▶ Activity
Return the following lines and nothing else: the one holding "portrait_wedding_IsabellundOliver_13" and all those after it in the records below, unchanged, minus any pictures.

Collected data entries
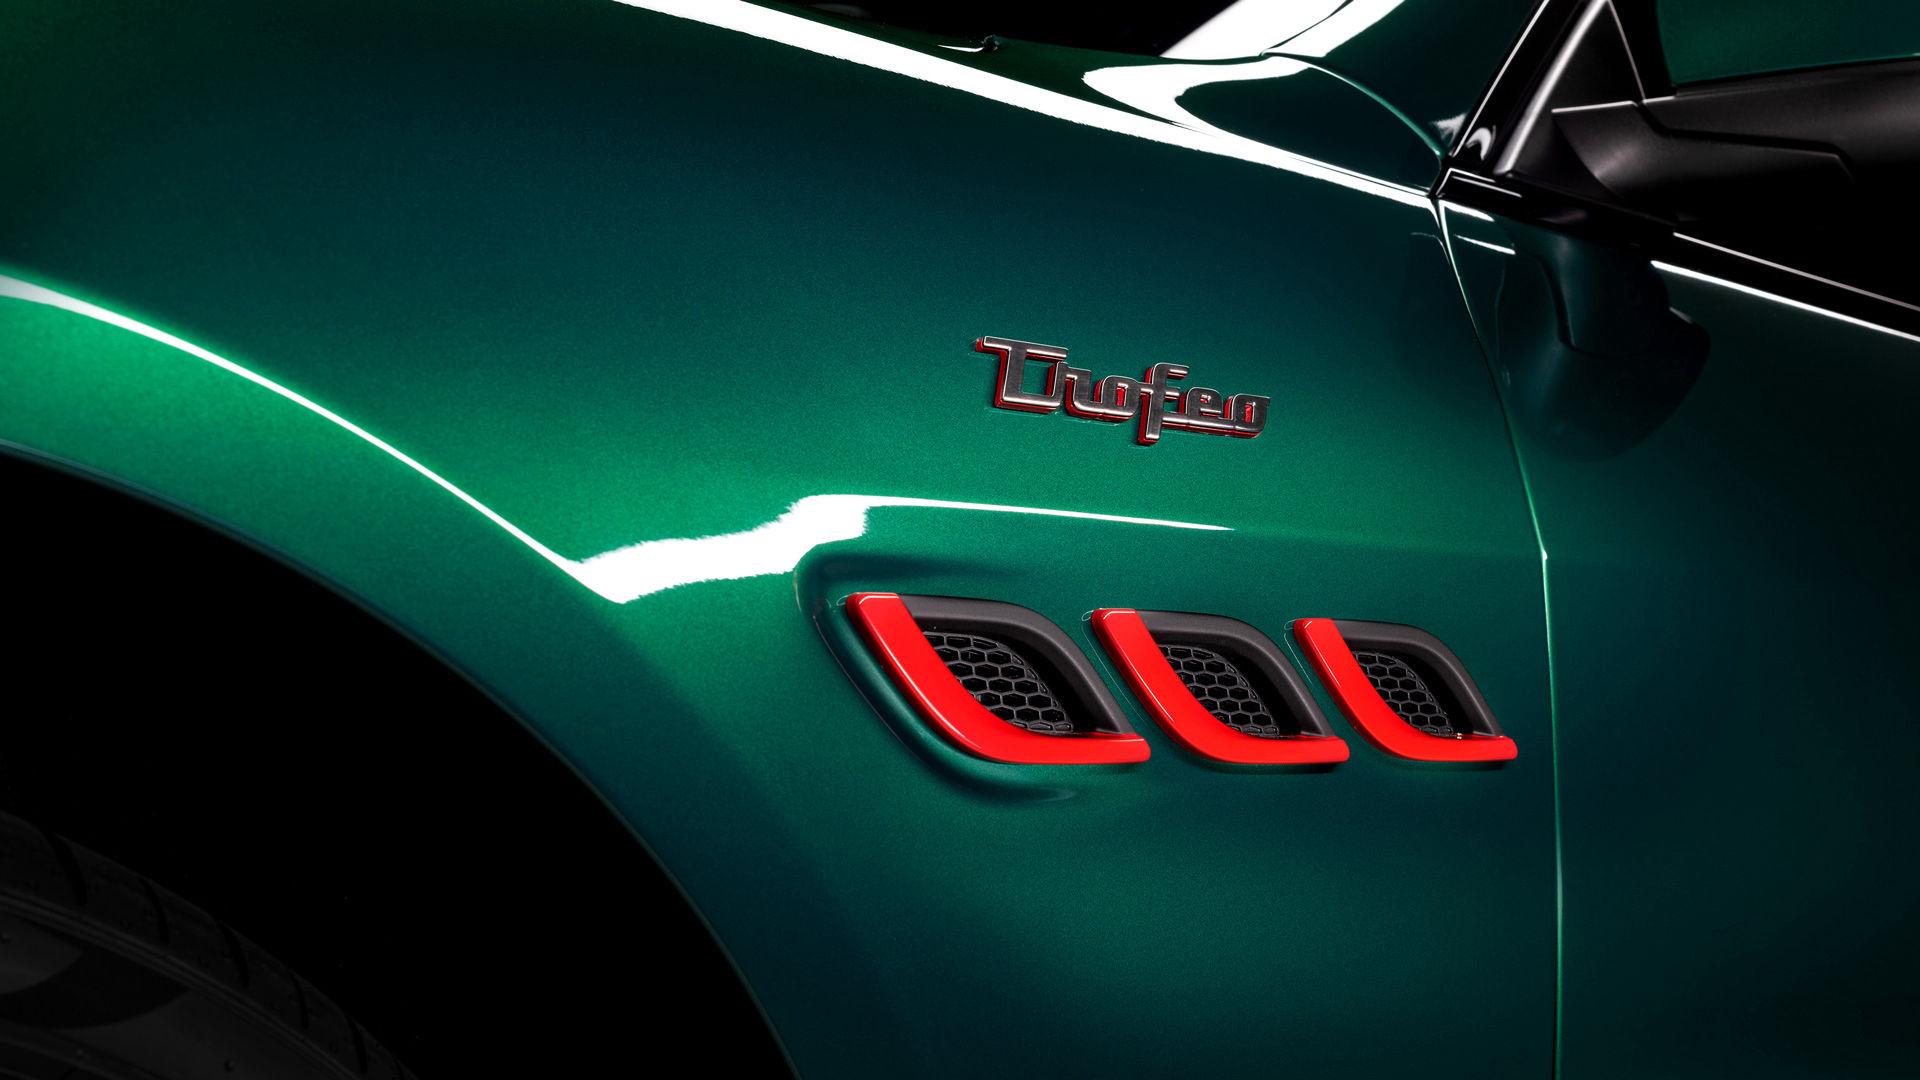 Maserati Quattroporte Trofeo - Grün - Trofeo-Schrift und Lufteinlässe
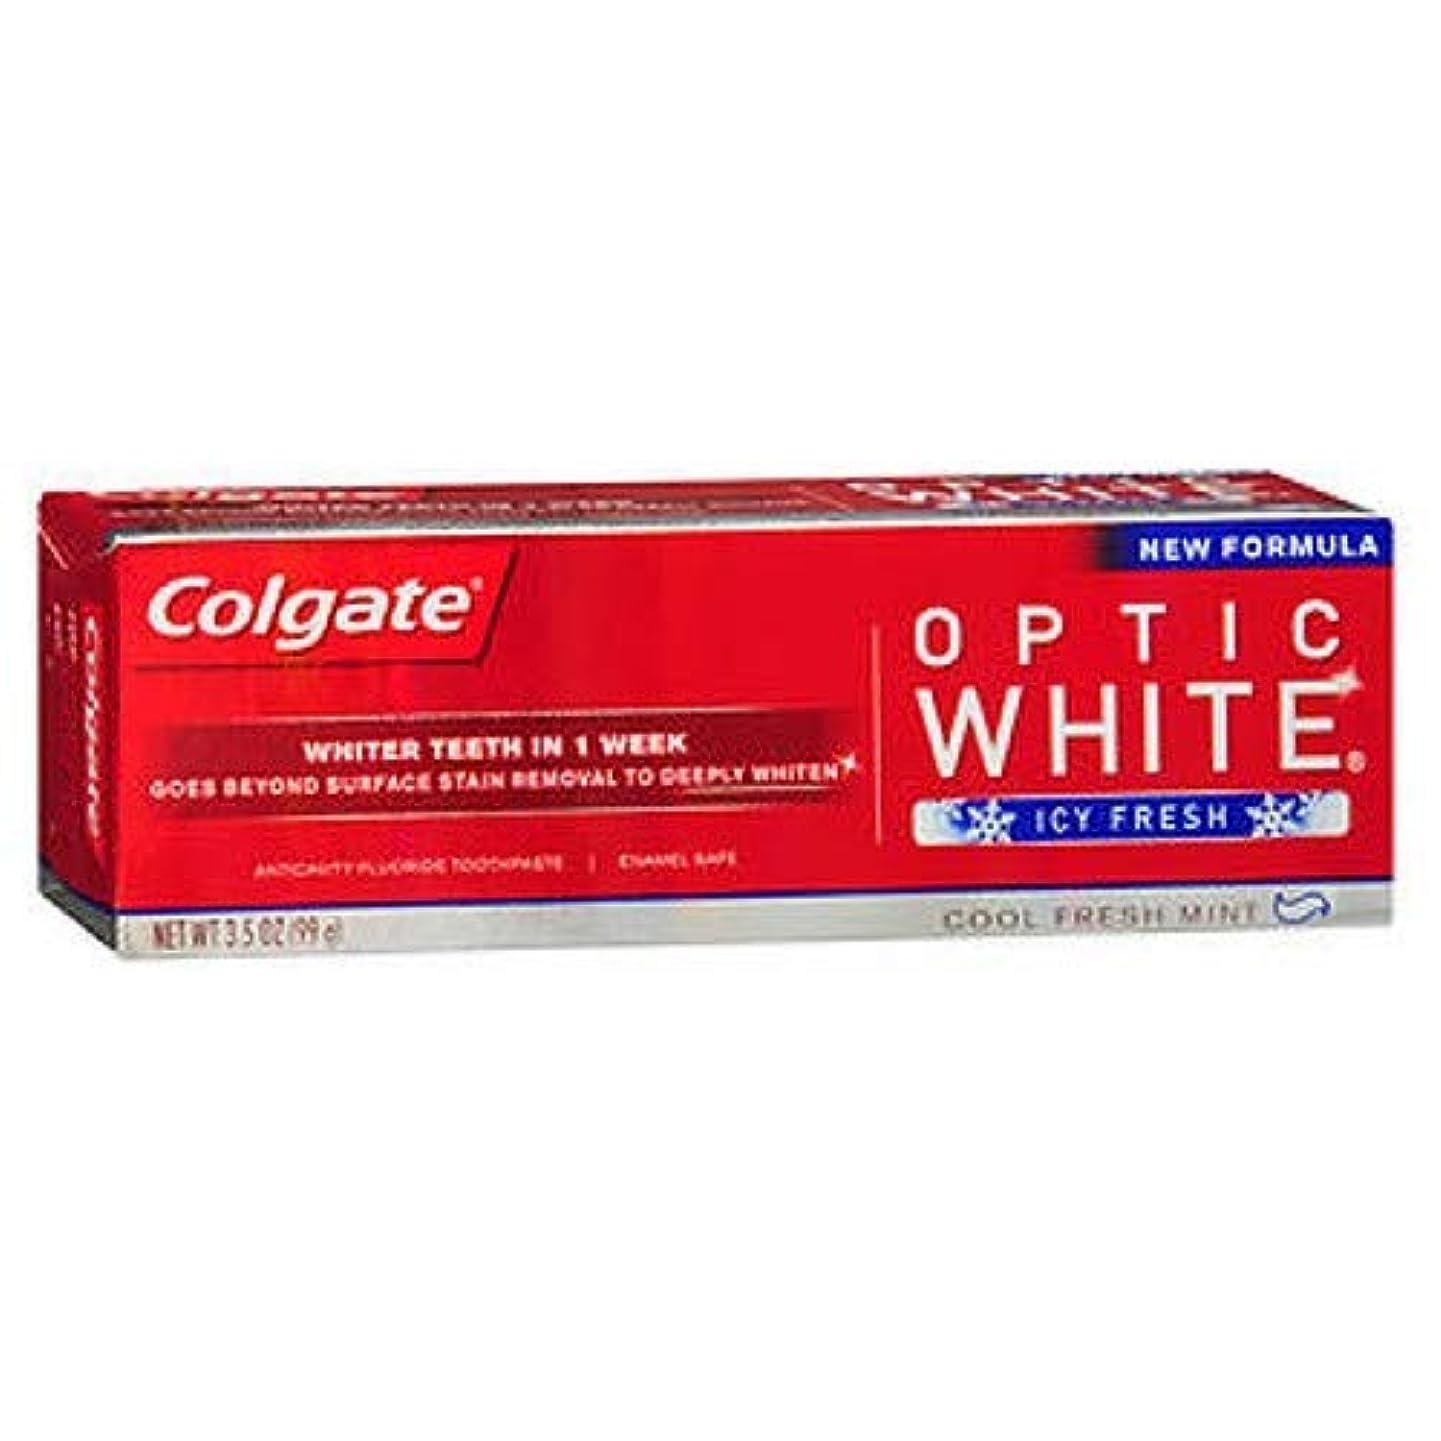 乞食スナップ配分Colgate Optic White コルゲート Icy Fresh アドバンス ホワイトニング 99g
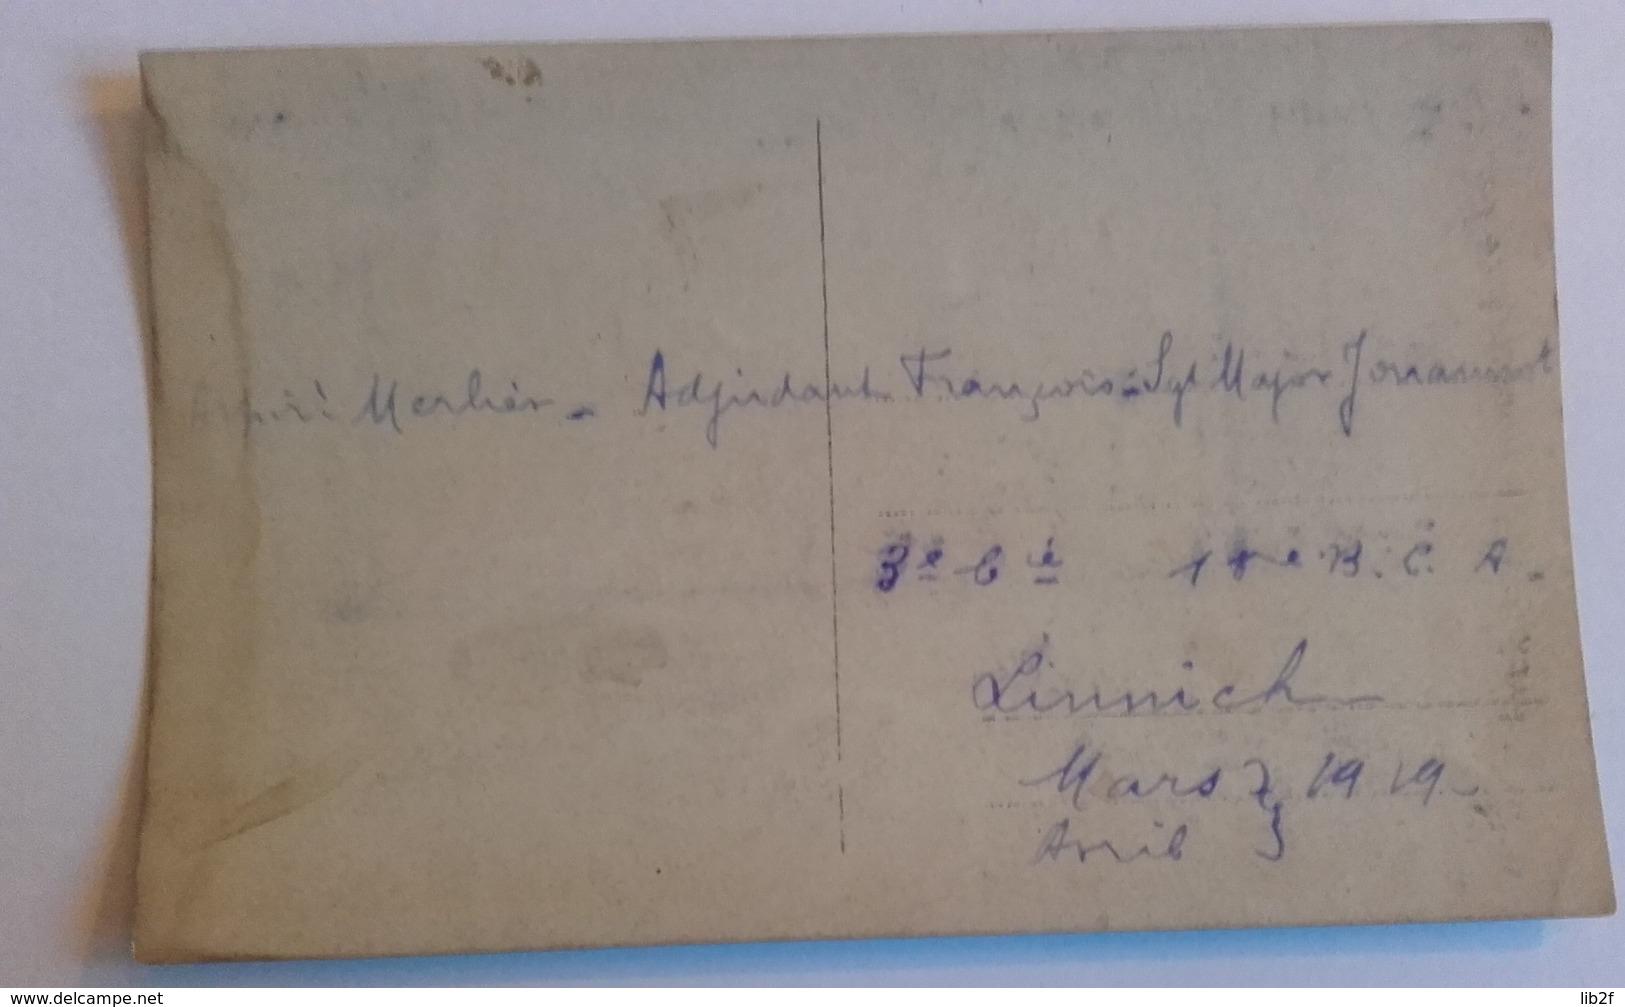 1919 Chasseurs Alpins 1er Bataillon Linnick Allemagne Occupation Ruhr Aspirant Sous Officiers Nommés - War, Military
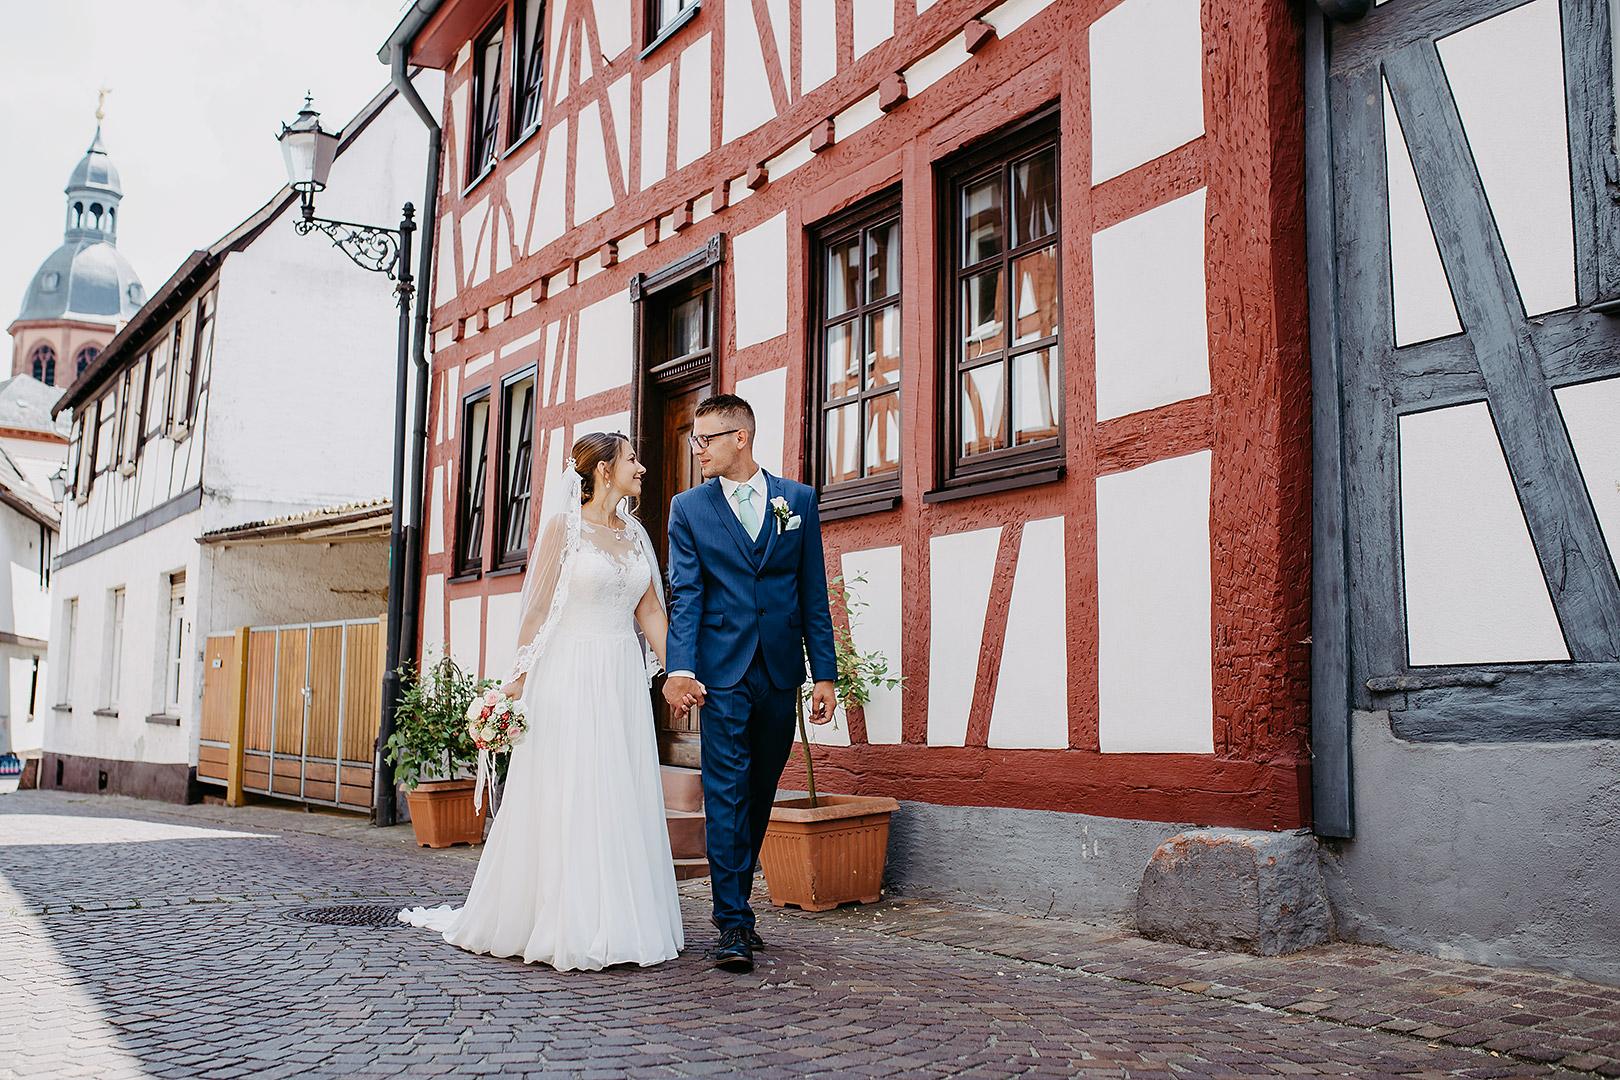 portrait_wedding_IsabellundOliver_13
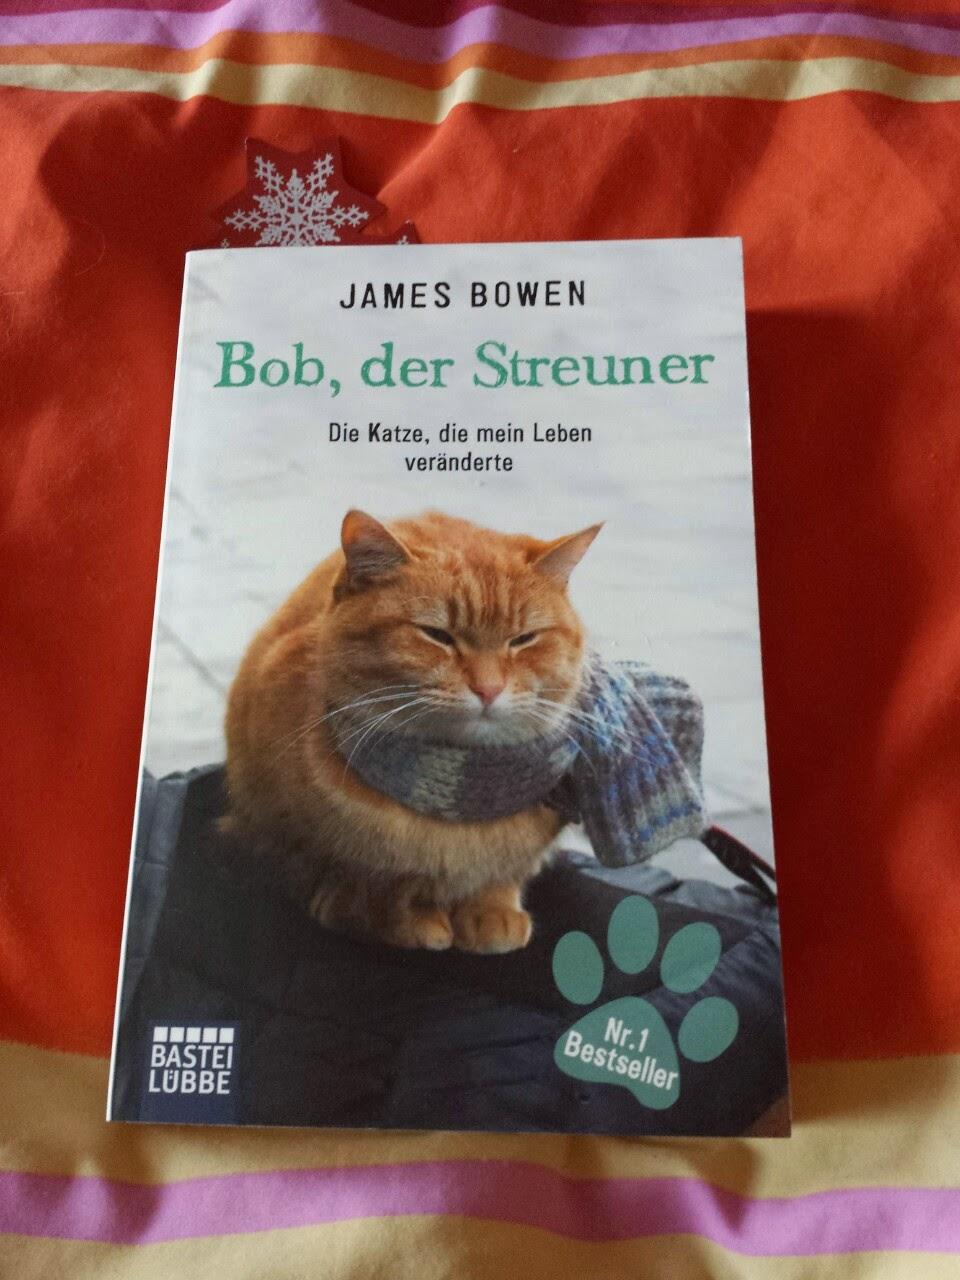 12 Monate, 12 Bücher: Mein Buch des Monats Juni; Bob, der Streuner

▶ Exercise response
 portrait_wedding_IsabellundOliver_13
 12 Monate, 12 Bücher: Mein Buch des Monats Juni; Bob, der Streuner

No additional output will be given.